**Given information**
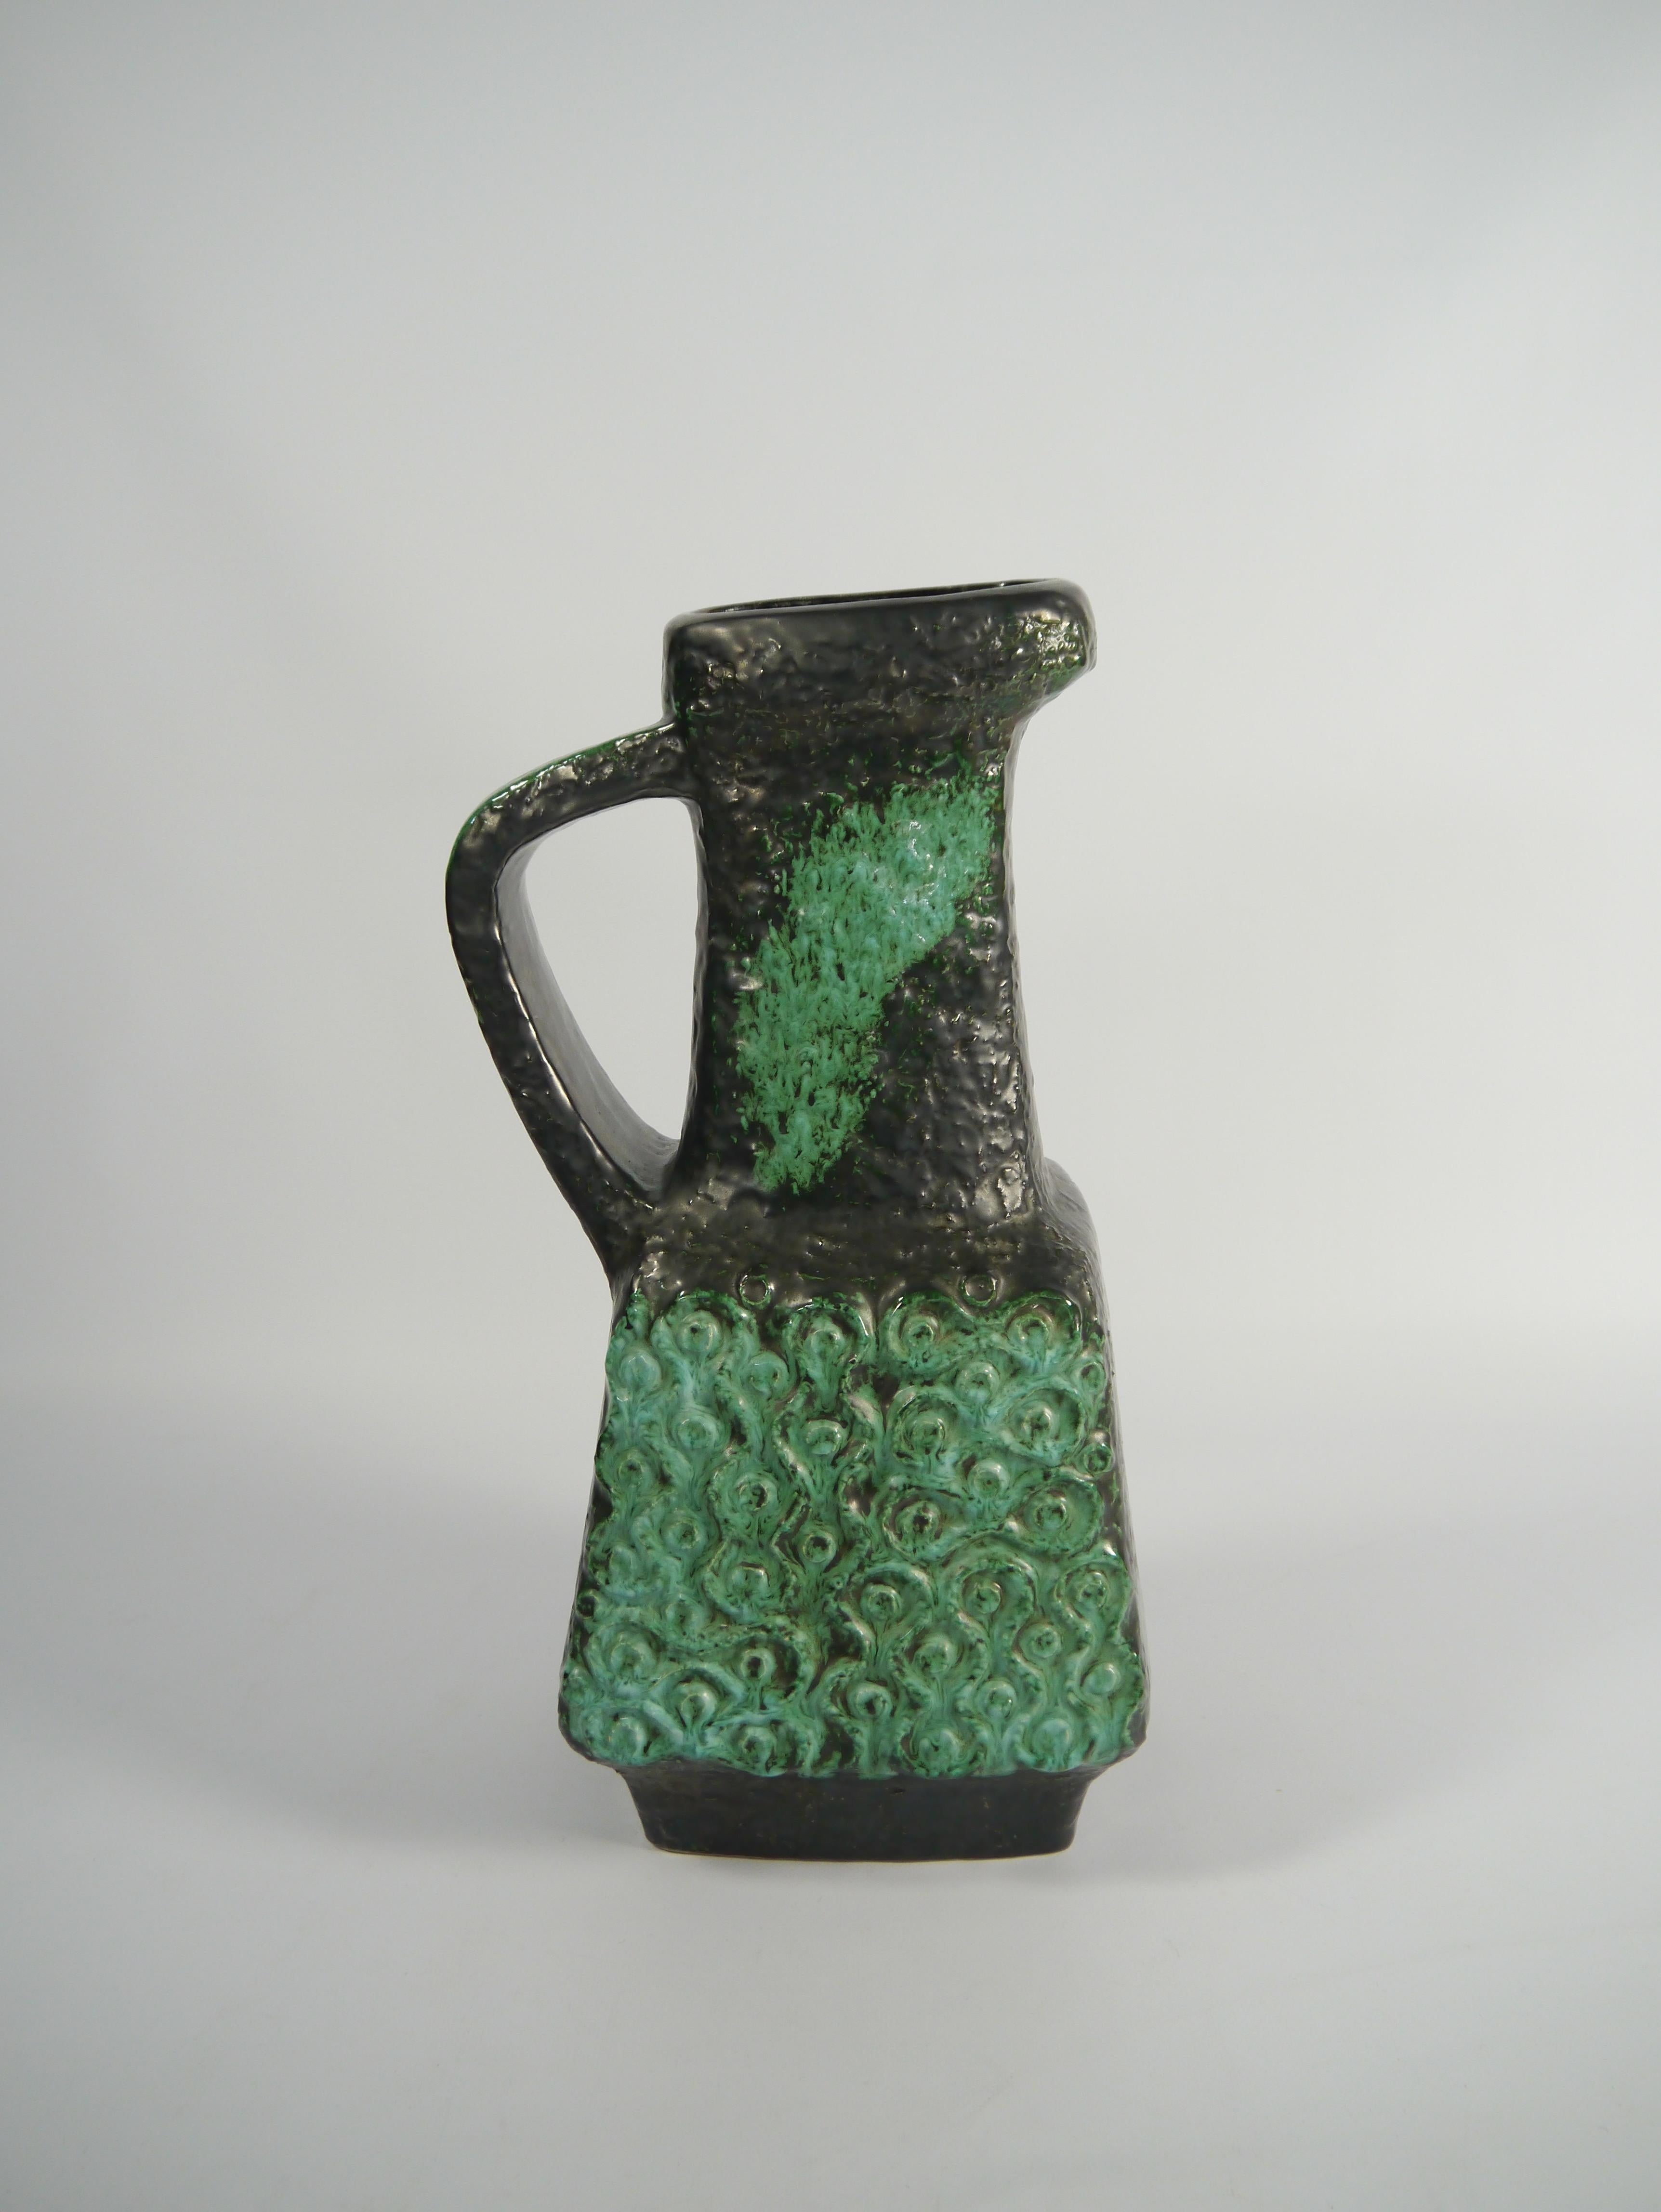 Hohe Keramikvase im brutalistischen Stil, hergestellt von BAY in den 1970er Jahren. Klare und gerade symmetrische Form mit graffitiartigem grünem Muster, in der Tat ein unterhaltsames Material.
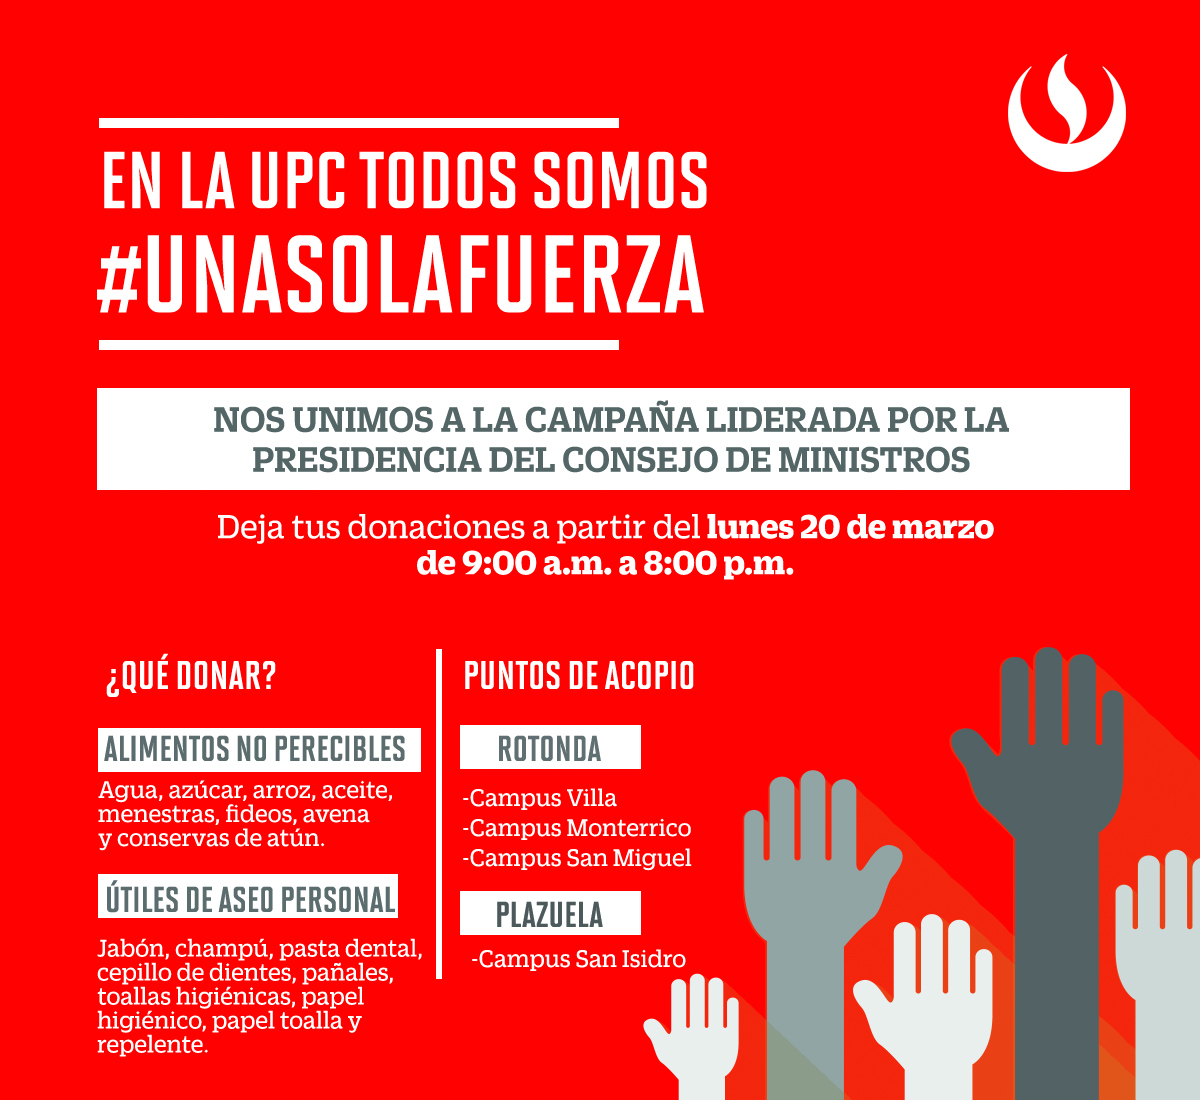 En la UPC todos somos #UnaSolaFuerza
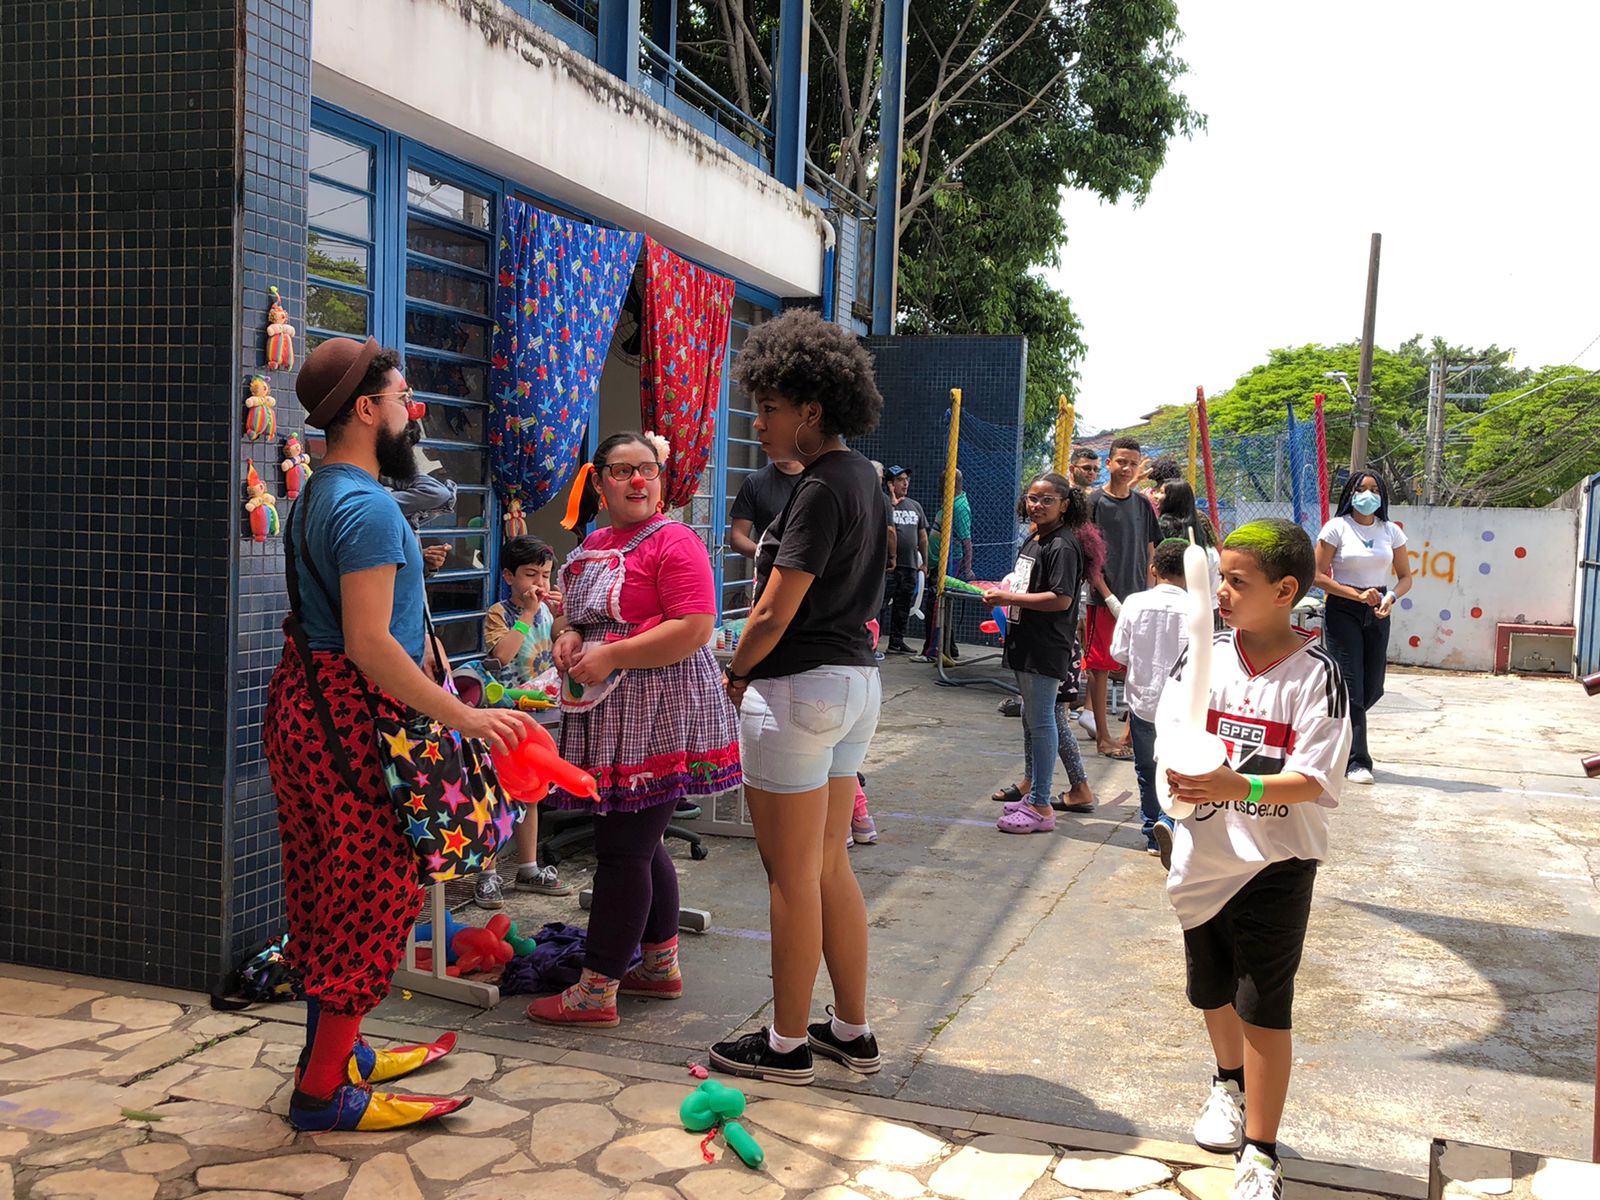 Sindicato dos Comerciários de São Paulo e Associação Ponte Brasilitalia comemoram dia das crianças

**What to work on**
Give the listing above again in its entirety, exactly as written and free of images.

**Exercise solution**
 Hohe Keramikvase im brutalistischen Stil, hergestellt von BAY in den 1970er Jahren. Klare und gerade symmetrische Form mit graffitiartigem grünem Muster, in der Tat ein unterhaltsames Material.
 En la UPC todos somos #UnaSolaFuerza
 Sindicato dos Comerciários de São Paulo e Associação Ponte Brasilitalia comemoram dia das crianças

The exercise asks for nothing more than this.